Lebenslaute – Rebellion mit Pauken und Trompeten
Kassel 12.05.2020 | Gastbeitrag von Ursula Wöll Krieg durch permanente Aufrüstung und der drohende Klimakollaps sind Gefahren, die uns genauso bedrohen wie die Corona-Pandemie. Nur verlaufen sie quasi unbeachtet hinter unserem Rücken. Fast 2 Billionen Dollar ließen sich die Staaten unserer Erde ihr Militär im Jahr 2019 kosten, allen voran USA und China. Deutschland gab 49,3 Milliarden für Rüstung aus, eine Steigerung um 10 Prozent gegenüber dem Vorjahr. Gegen diesen Wahnsinn protestieren die MusikerInnen der ‚Lebenslaute‘ seit 33 Jahren mit Klassischer Musik. Im August werden sie vor Rheinmetall in Unterlüß Werke von Händel, Brahms, Beethoven sowie Bob Dylans ‚Masters of War‘ spielen und dabei den Firmeneingang symbolisch blockieren.
Nie wieder Krieg
Gerade hat das unabhängige Stockholmer Institut SIPRI (Stockholm International Peace Research Institute) seine Zahlen für das Jahr 2019 veröffentlicht. Ja, 2.000.000.000.000 Dollar betrugen die weltweiten Militärausgaben, Fantastillionen würde Dagobert ungläubig staunen. Davon gaben die 29 Nato-Staaten 1.035 Milliarden, also über die Hälfte aus. Russland kam auf „nur“ 65,1 Milliarden Dollar. Trotzdem wird das Land erneut als militärische Bedrohung dargestellt, gegen die man sich ‚verteidigen‘ müsse. Eine Legitimation muss halt her, ohne sie kann man die jährlich wachsenden Summen nicht rechtfertigen. Wie nötig wäre dieses Geld im sozialen Bereich! Wie nötig bei der Abschaffung der Armut weltweit!

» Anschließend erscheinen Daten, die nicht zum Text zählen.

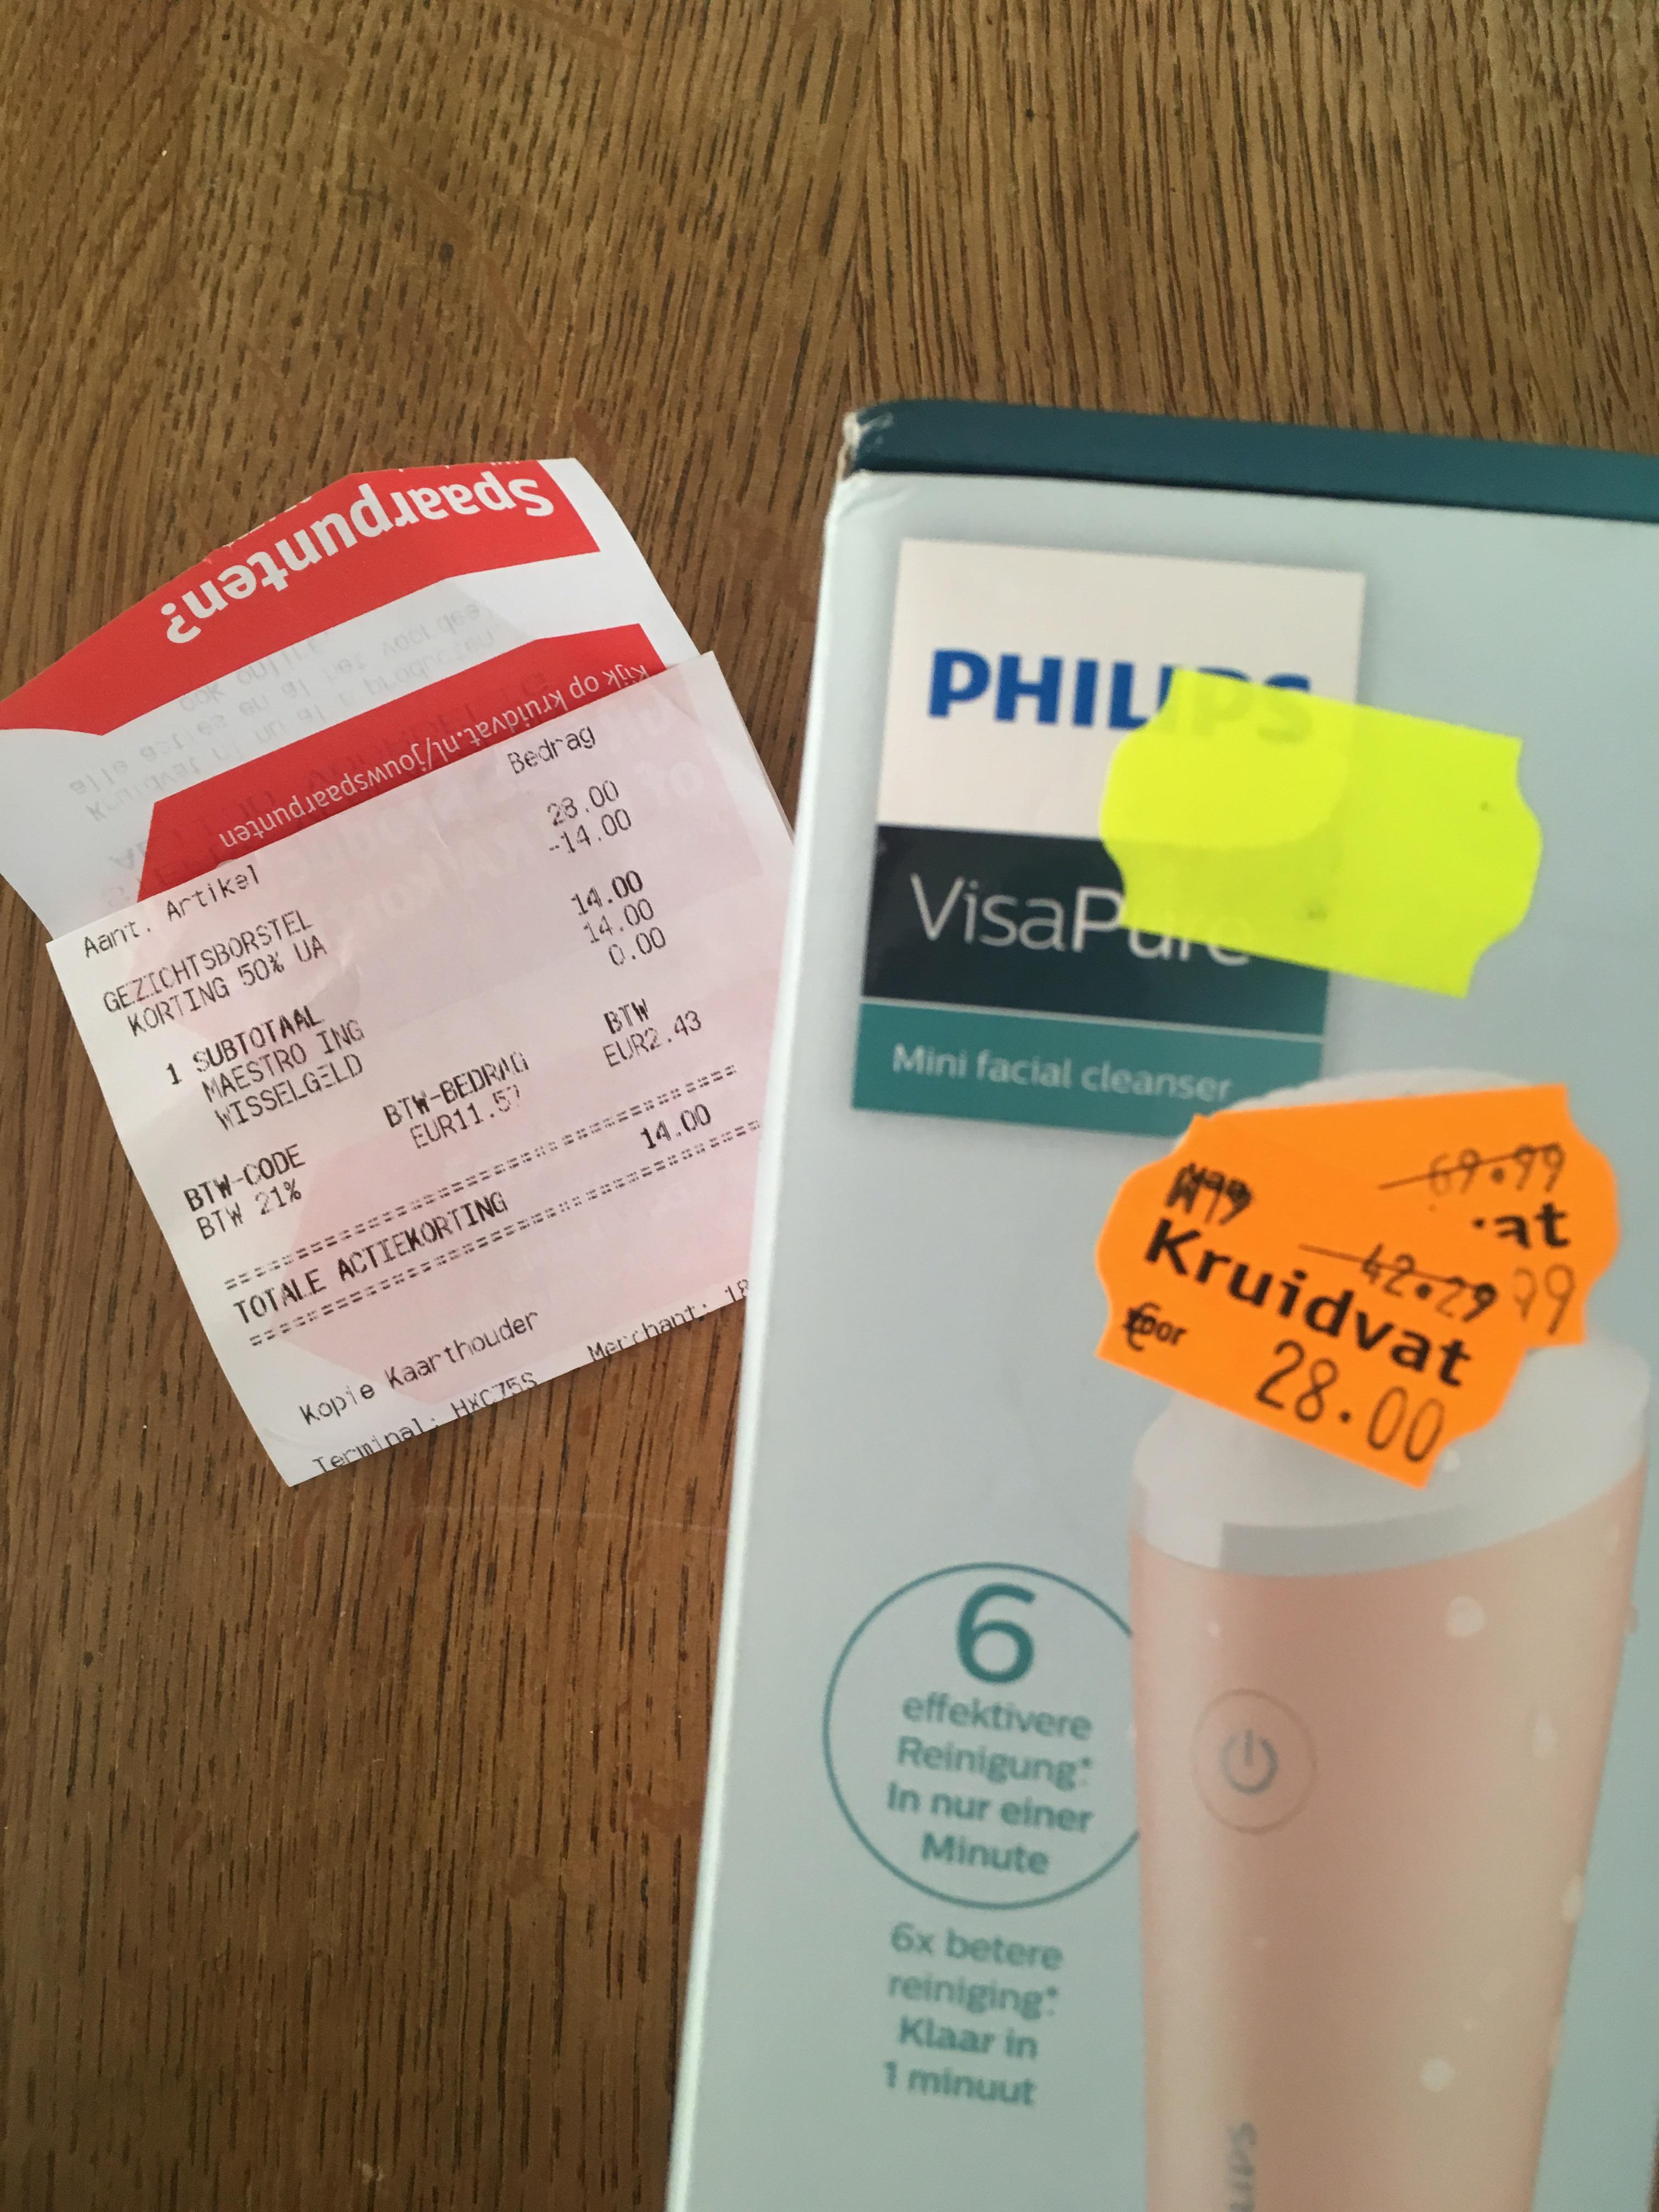 Kruidvat - Philips VisaPure mini facial cleanser

Und wie nötig für unsere Selbstachtung als vernunftbegabte Menschen, die bei Konflikten verhandeln anstatt zu töten!
Für die Utopie einer Welt ohne Waffen finden sich Berufs- und LaienmusikerInnen im Orchester ‚Lebenslaute‘ zusammen, um alljährlich vor einem militärischen Brennpunkt mit Klassischer Musik zu protestieren. Vor dem Bundeswehr-Fliegerhorst Büchel in der Eifel haben sie schon gespielt. Ich habe sie dort erlebt. Alle waren angezogen wie zu einer Theatervorstellung. Sie trugen schwarze Anzüge und Röcke sowie weiße Hemden und Blusen. So kamen sie ordentlich ins Schwitzen, als sie da unter der prallen Sonne hinter ihren Notenständern Bach spielten. Mit ihrer festlichen Aufmachung wollen sie zeigen, dass der oberste Grundsatz bei ihren Aktionen die Gewaltfreiheit ist. Für ihr gewaltfreies Engagement über Jahre erhielt die ‚Lebenslaute‘ im Jahr 2014 den Aachener Friedenspreis.

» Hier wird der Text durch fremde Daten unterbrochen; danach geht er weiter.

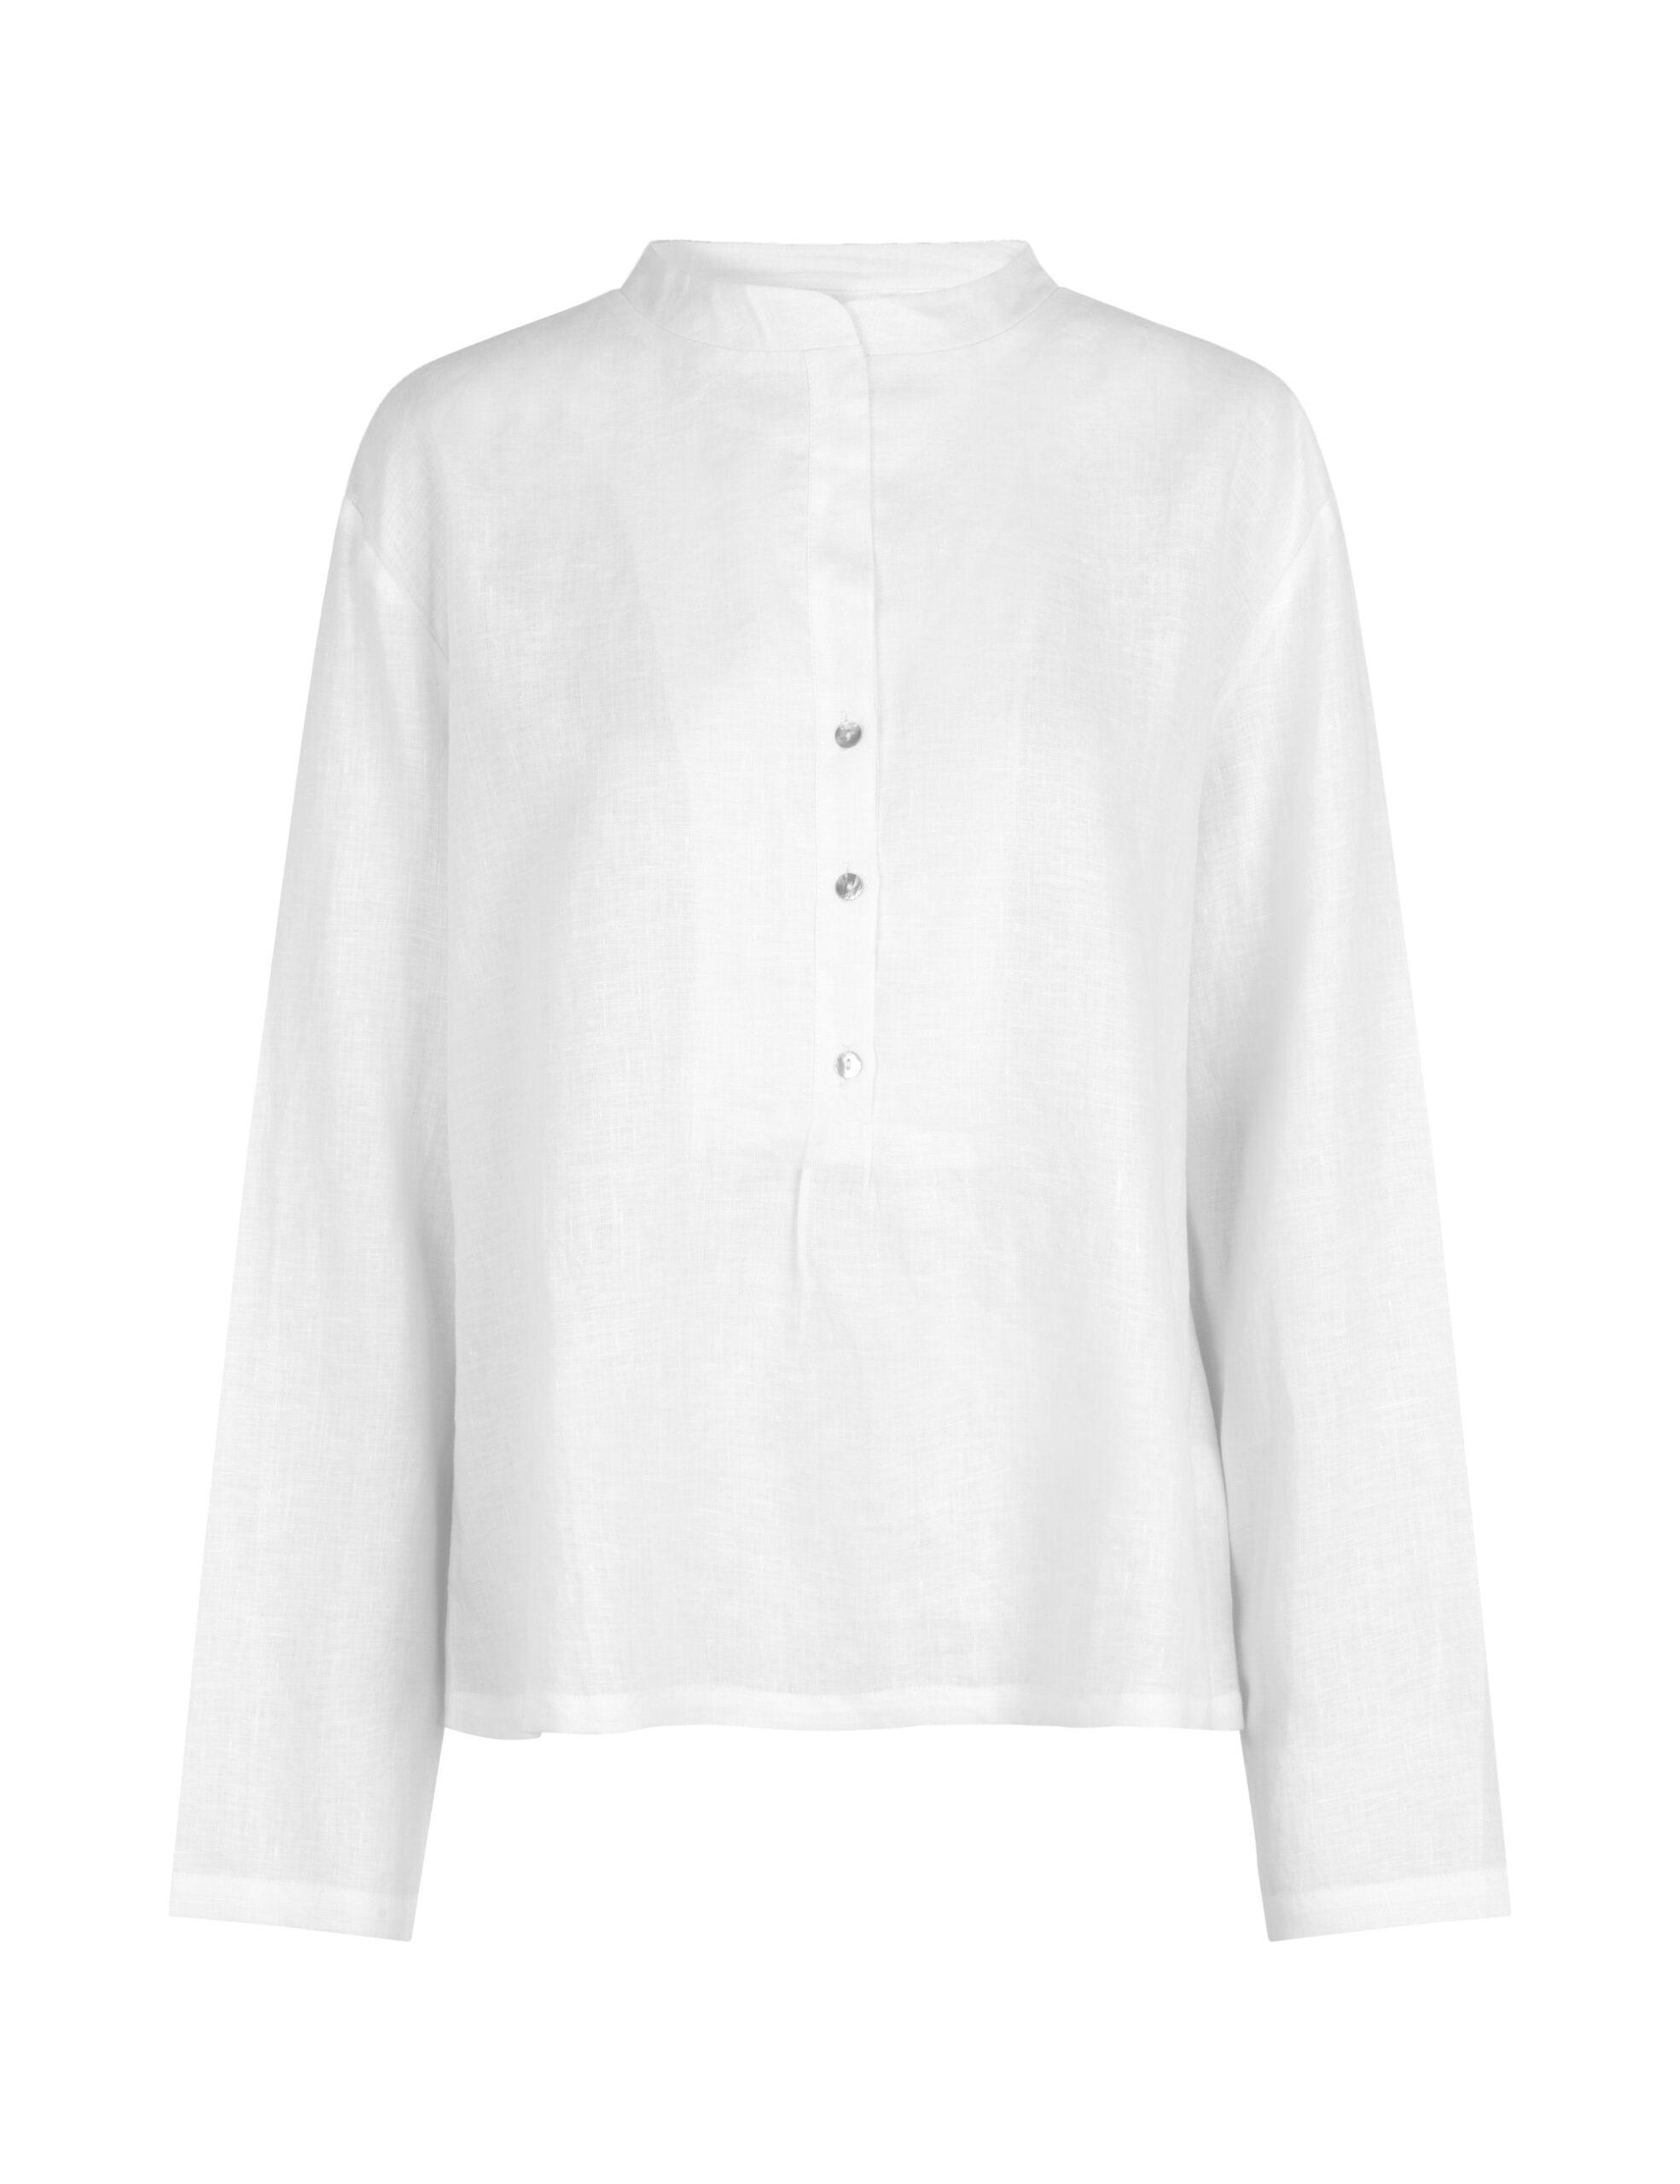 LINDA SHIRT – White

Gegen die atormare Teilhabe
In Büchel lagern Atombomben der USA, die im „Ernstfall“ von deutschen Fliegern ans Ziel geflogen und abgeworfen werden. 2009 hatten zwar die damaligen Regierungsparteien CDU, CSU und FDP in ihrem Koalitionsvertrag vereinbart, sich „im Nato-Bündnis dafür einzusetzen, dass die in Deutschland verbliebenen Atomwaffen abgezogen werden“. Bis heute geschah dies nicht, trotz vieler Protestaktionen durch Friedensgruppen in Büchel. Im Gegenteil: Nun will man in Berlin diese „atomare Teilhabe“ sogar erhalten. Die Verteidigungsministerin AKK möchte dafür die jetzige, in die Jahre gekommene Tornado-Flotte nicht nur durch 93 Eurofighter von Airbus, sondern auch durch 45 moderne Kampfflugzeuge der Firma Boeing ersetzen. Damit die ‚atomare Teilhabe‘ weiter gewährleistet ist.
Kürzlich hat der SPD-Fraktionsvorsitzende Rolf Mützenich gegen diese nukleare Teilhabe protestiert, aber leider viel Widerspruch erhalten, auch aus SPD-Kreisen. Ich finde es traurig und unsensibel, dass die Verteidigungsministerin diesen Milliardenkauf gerade um den 8. Mai herum anschneidet. Hat sie vergessen, dass vor 75 Jahren der Zweite Weltkrieg zu Ende ging? Am 8. Mai 1945 kapitulierte die Hitler-Wehrmacht und am 2. September auch die des japanischen Kaisers, nachdem zwei Atombomben Hiroshima und Nagasaki zerstört hatten.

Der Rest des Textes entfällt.